The suit, rare in art circles, offers a sometimes unflattering glimpse at how high-powered commercial artists like Mr. Chihuly work. The two glass blowers say that he has very little to do with much of the art, and that he sometimes buys objects and puts the Chihuly name on them, a contention that Mr. Chihuly strongly denies.Why is this a copyright case and not a contracts case? If Chihuly hired Rubino and kept him on for 14 years, why did he he never make Rubino sign a contract that would have limited Rubino from making similar shapes to sell on his own?
He acknowledges that he has not blown glass for 27 years, dating from a surfing accident that cost him the full range of shoulder motion, an injury that struck three years after he had lost sight in his left eye in a traffic accident.
Still, Mr. Chihuly said, he works with sketches, faxes and through exhortation. Nothing with his name on it ever came from anyone but himself, he said....
...Mr. Chihuly called Mr. Rubino a "gaffer," a term for a glassblower who labors around a furnace at the instruction of an artist. Asked to assess Mr. Rubino, Mr.
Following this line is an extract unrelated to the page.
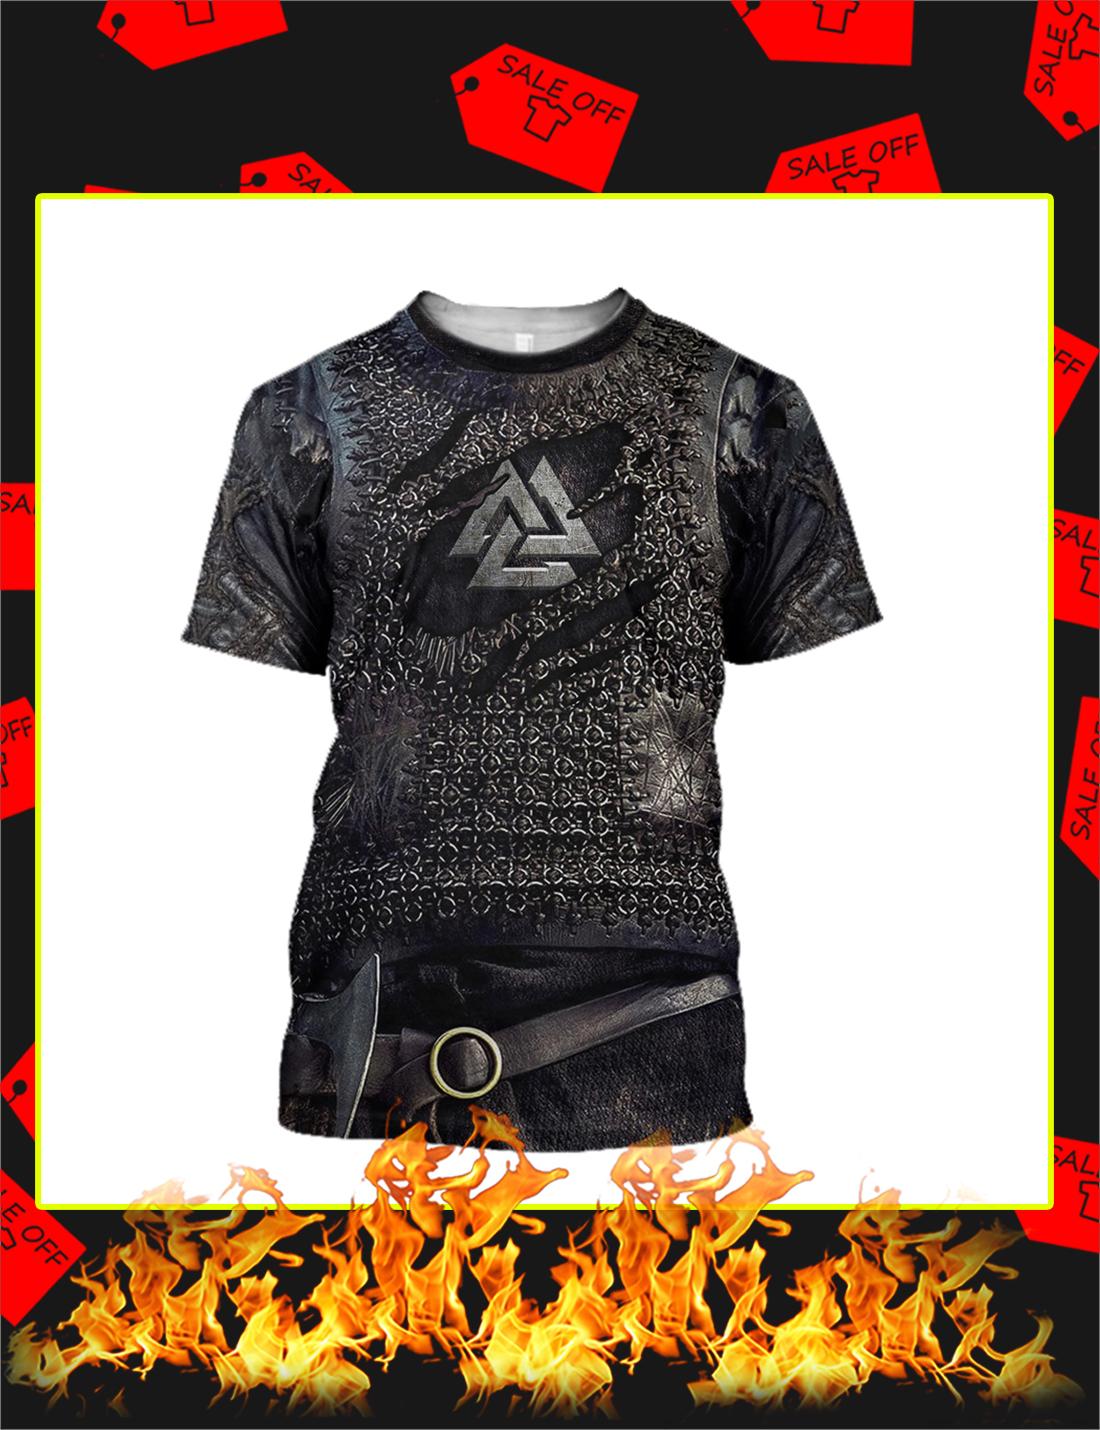 3D Printed Vikings Armor Shirt

Chihuly said, "He was an excellent craftsman" with little vision of his own.
"You think I would ever let Rubino decide what something looks like?" Mr. Chihuly asked.
Bonus photo: a closeup of the big Chihuly sculpture at the Milwaukee Art Museum, taken last Saturday:
There is a signature look to the work. It's impossible for me to tell from the linked article how close to Chihuly's Rubino's designs are. This article gives some more context:
Chihuly sued Rubino and Redmond art entrepreneur Robert Kaindl in October, accusing them of copying his designs and selling "knockoffs" at several local galleries. Last week, Chihuly alleged in court documents that the two had pored over books of Chihuly's works and picked out designs that Rubino would make for Kaindl to sell....So what do you think, copyright experts? I'm guessing that it's rather obvious that the "work for hire" Rubino did for Chihuly makes him not a co-author and that this claim is a bargaining chip in the litigation process. Rubino just wants to be able to sell his own work now, even though it's similar to the work he did with Chihuly. Should he win on that claim? Artists are always copying each other's styles. It's disturbing to think that they should have to worry about being sued by the more successful artists who came before them. The old could prey on the young mercilessly, and the development of artistic styles would be crippled by litigious artists.
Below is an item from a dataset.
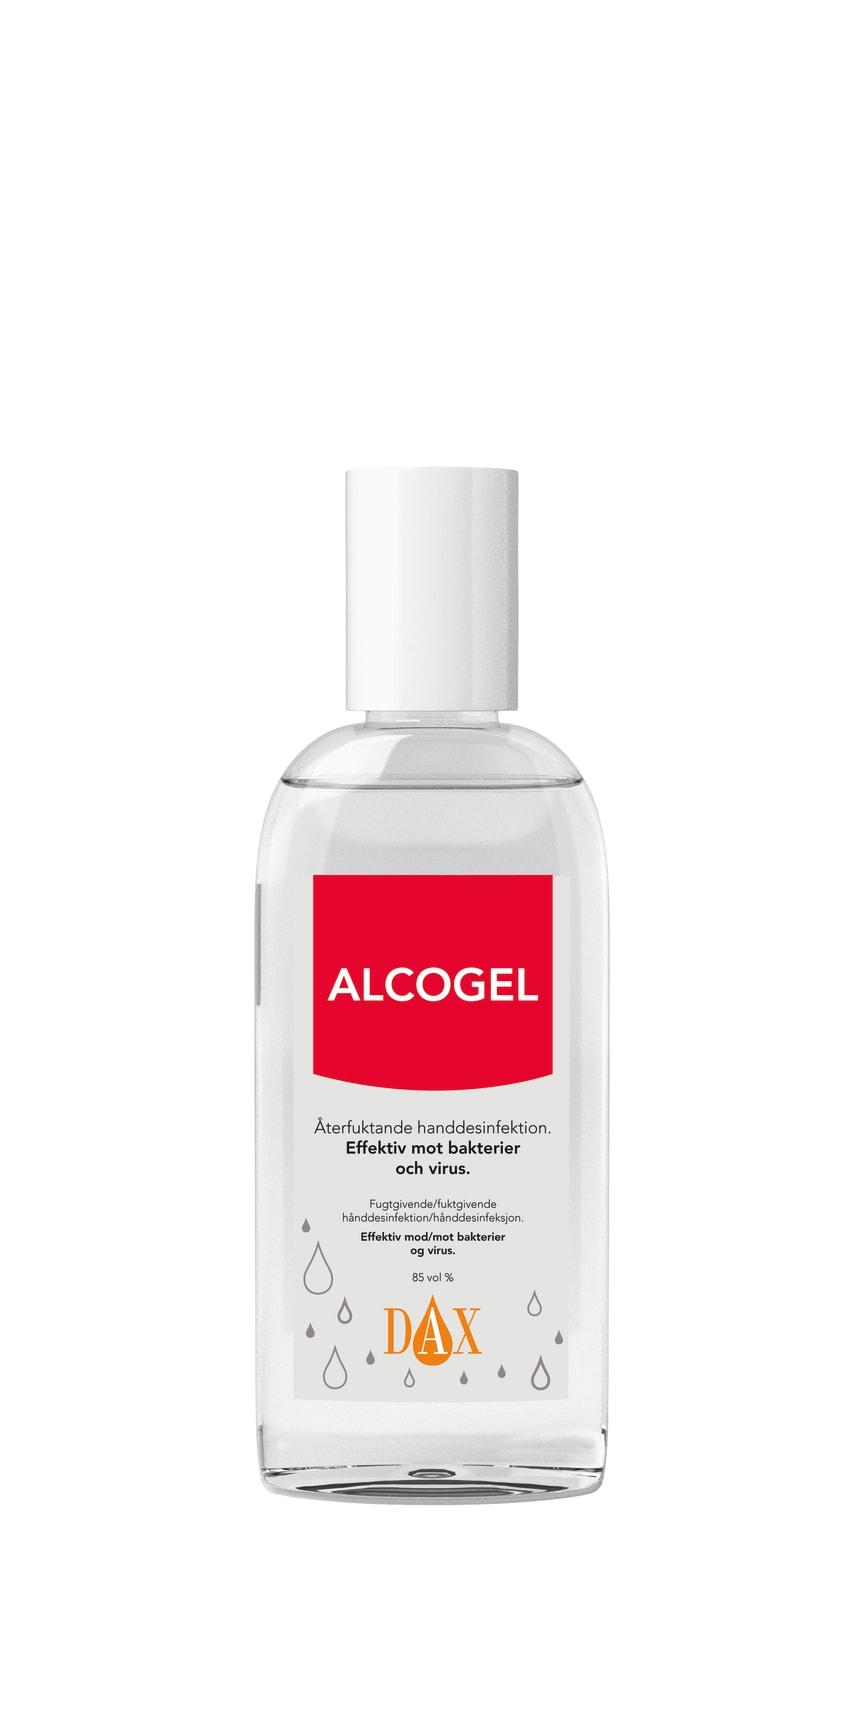 DAX Alcogel 75 ml

...Rubino says he created or co-authored some of the works that Chihuly is suing to protect, and that some of the work he did for the artist was done "without any creative input whatsoever from (Chihuly Inc.) or Dale Chihuly."
As evidence, Rubino submitted a fax he says he received from Chihuly. The fax includes sticklike drawings and the following instructions: "Here's a little sketch but make whatever you want. We'll get everything up to Tacoma when you're done and I'll try to come down while you're blowing. Till then, Chihuly."...
Rubino is asking the court to declare him a co-author of some of Chihuly's more famous pieces, and award him profits associated with those works.
Chihuly acknowledged in his suit that "Rubino worked on virtually every series created by Chihuly." But he claimed that Rubino signed away any rights to the work when he was Chihuly's employee, and that as a contractor, all of the work Rubino made for Chihuly was done under Chihuly's direction and control.
Chihuly's designs are way too distinctive to make me buy Rubino's argument that they are nothing more than nature's design. Chihuly may like to say that he's inspired by the sea, but these swirls and curlicues don't look much like any sea I've ever gazed upon. But perhaps his designs come quite directly from the inherent limitations of glassblowing, the traditional techniques of the craft, and the decision to work very large. If so, Chihuly is trying to monopolize the field of art glass.